■ RAW DATA:
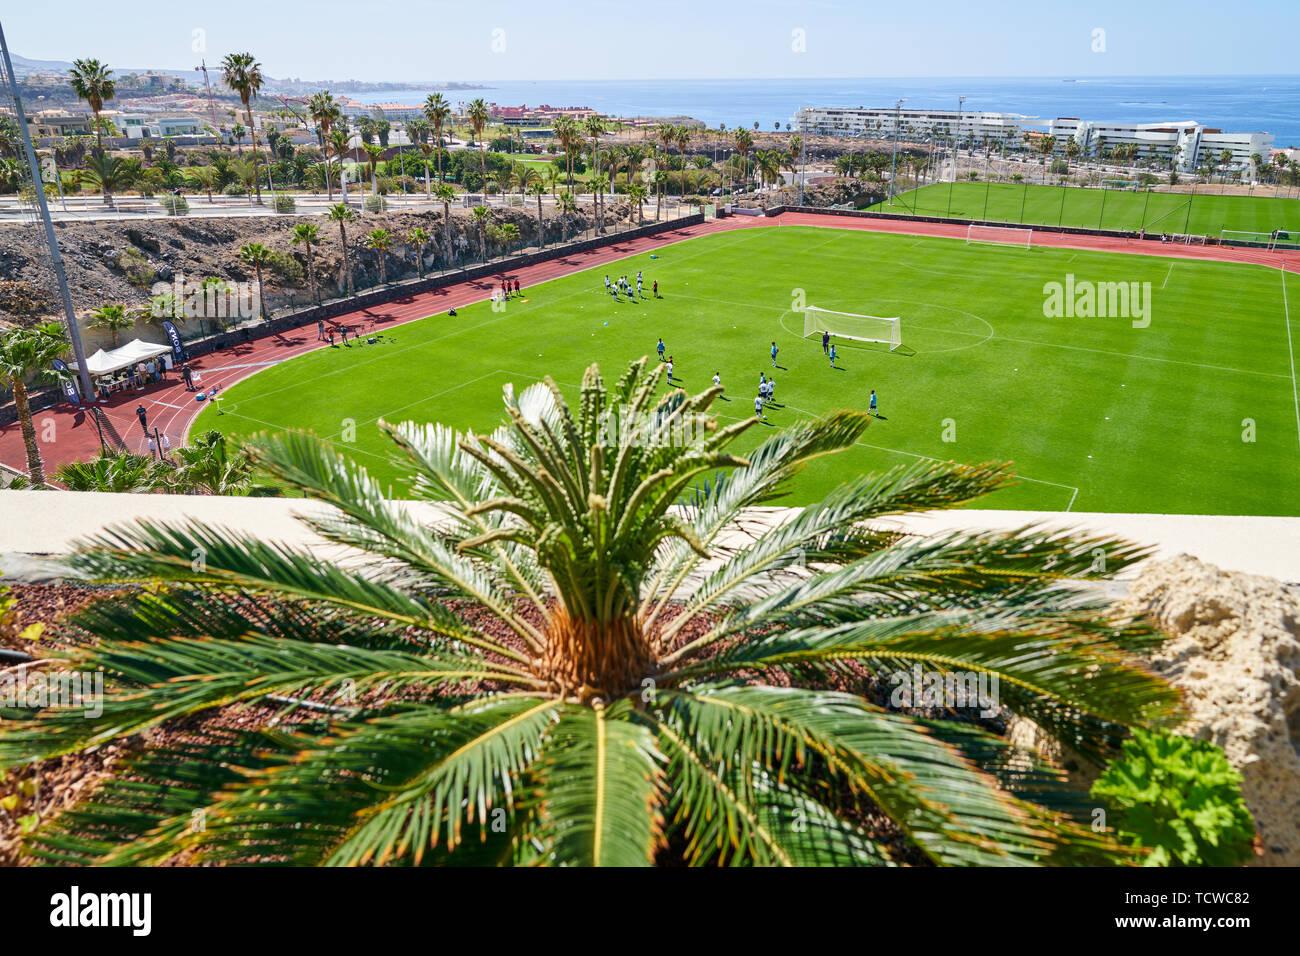 Tenerife Top Training, athletes training center in Santa Cruz de Tenerife, Tenerife, Spain, March 17, 2019. © Peter Schatz / Alamy Stock Photos - Stock Image
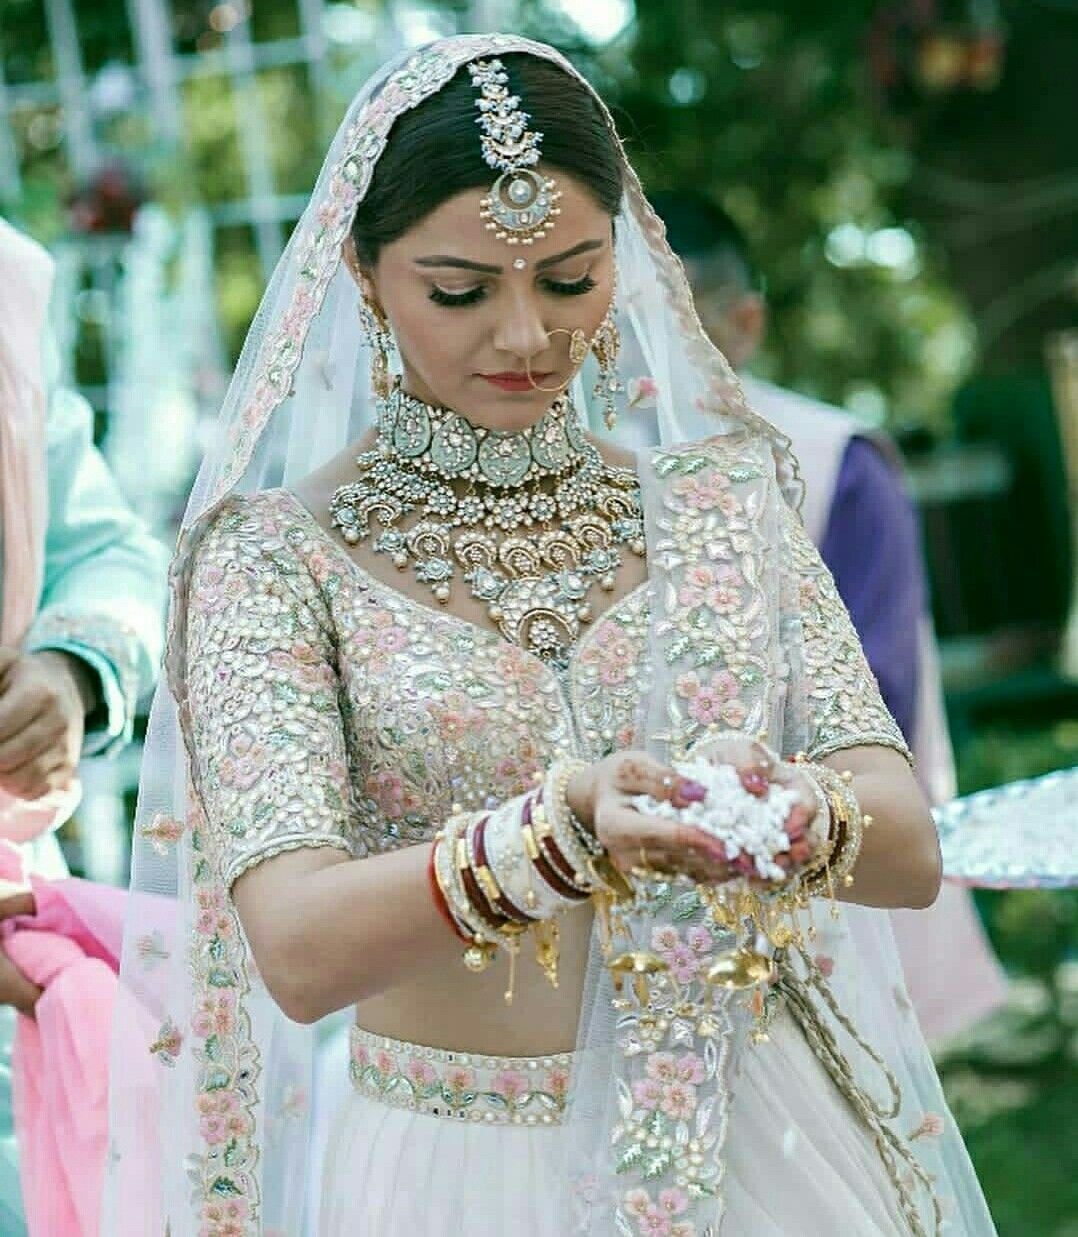 Hindu wedding dress  Pin by urmila jasawat on Bridal photography  Pinterest  Bridal
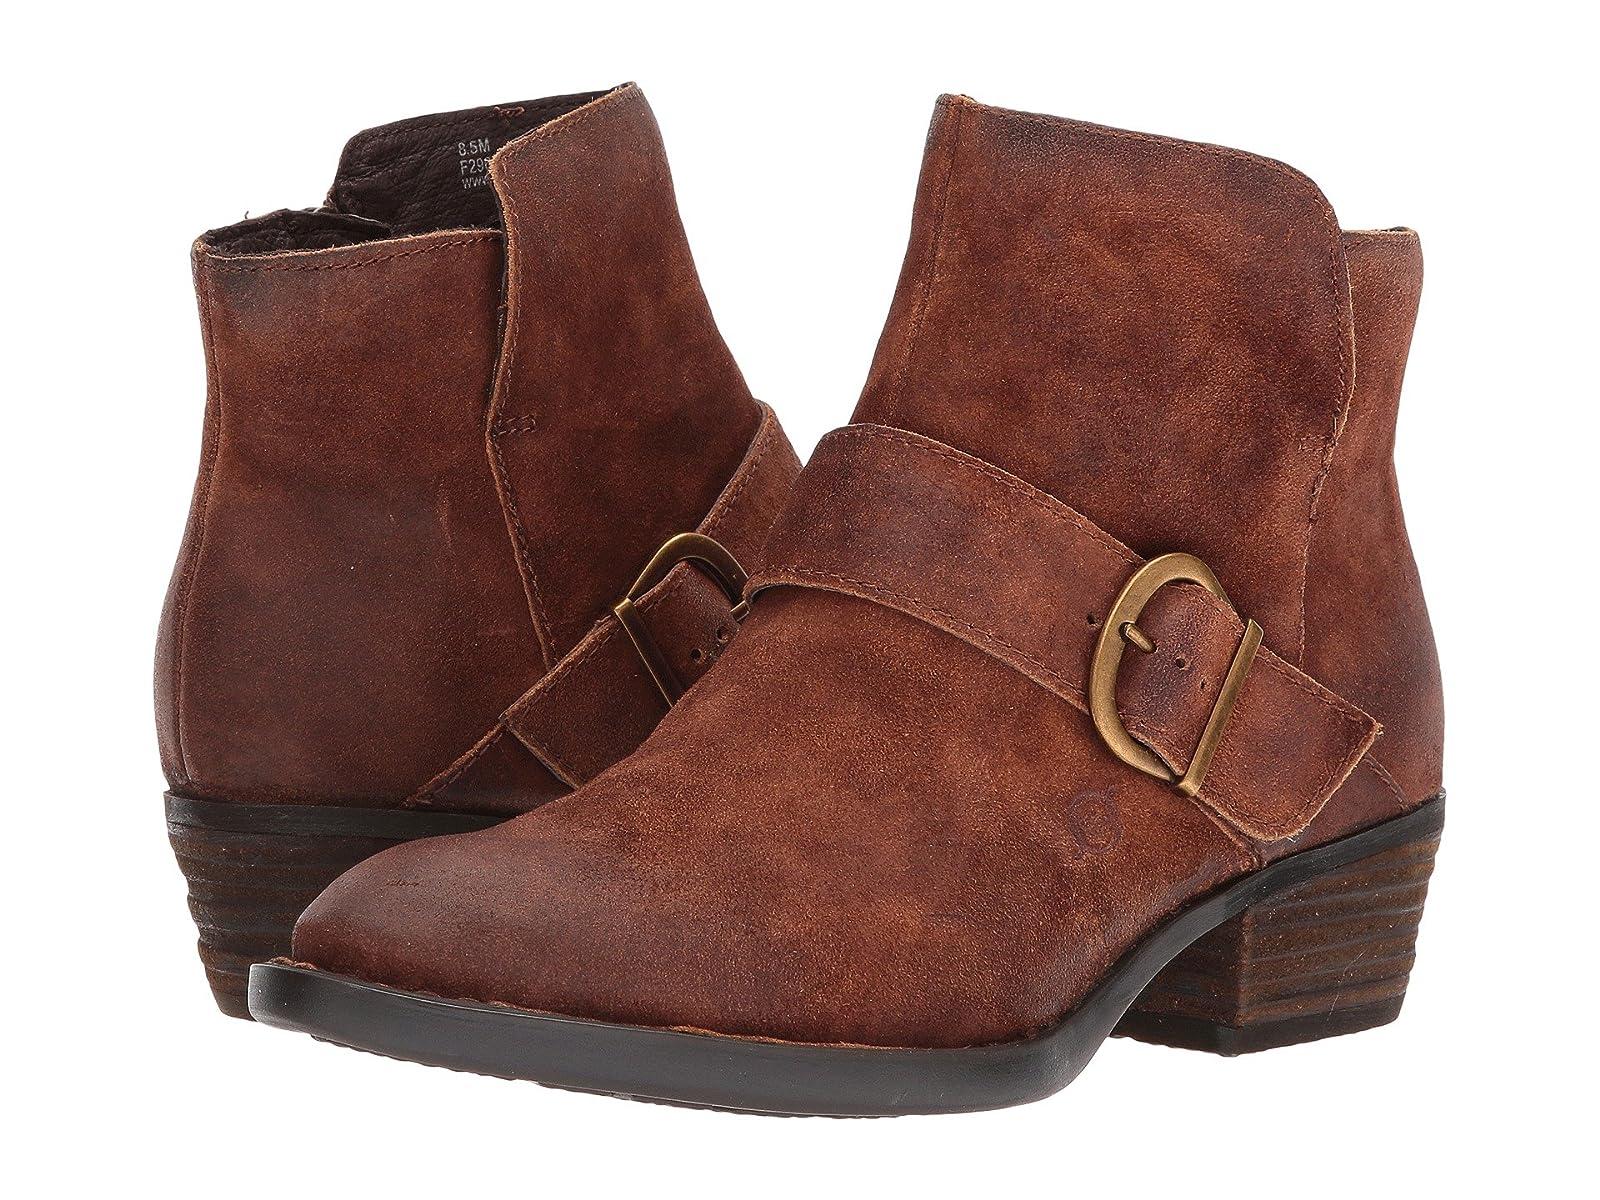 Born BaloyCheap and distinctive eye-catching shoes
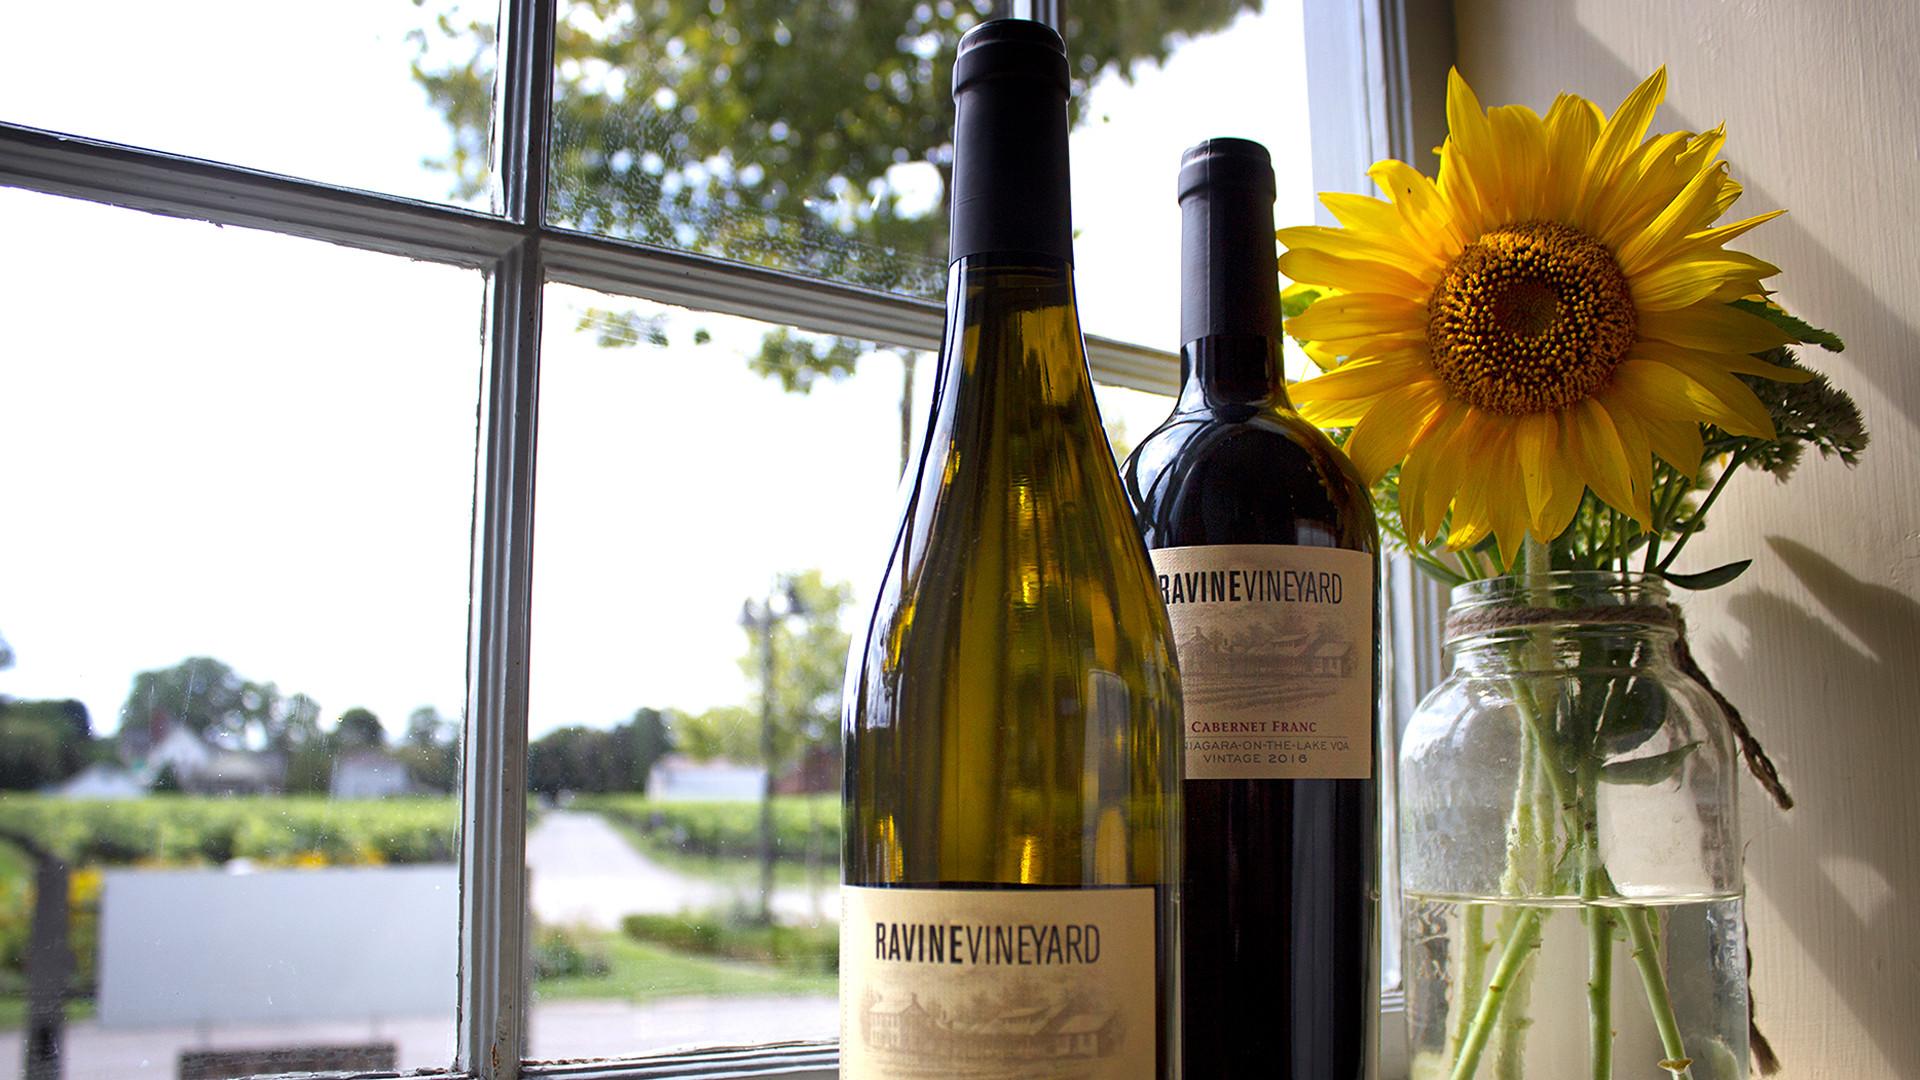 The best wineries in Niagara-on-the-Lake | Wine bottles at Ravine Vineyard Estate Winery

■ WHAT IS EXPECTED:
The lines needed are those from the one containing "Born BaloyCheap and" through the end of the listing, given again word for word and without any picture.

■ EXPECTED OUTPUT:
 Born BaloyCheap and distinctive eye-catching shoes
 The best wineries in Niagara-on-the-Lake | Wine bottles at Ravine Vineyard Estate Winery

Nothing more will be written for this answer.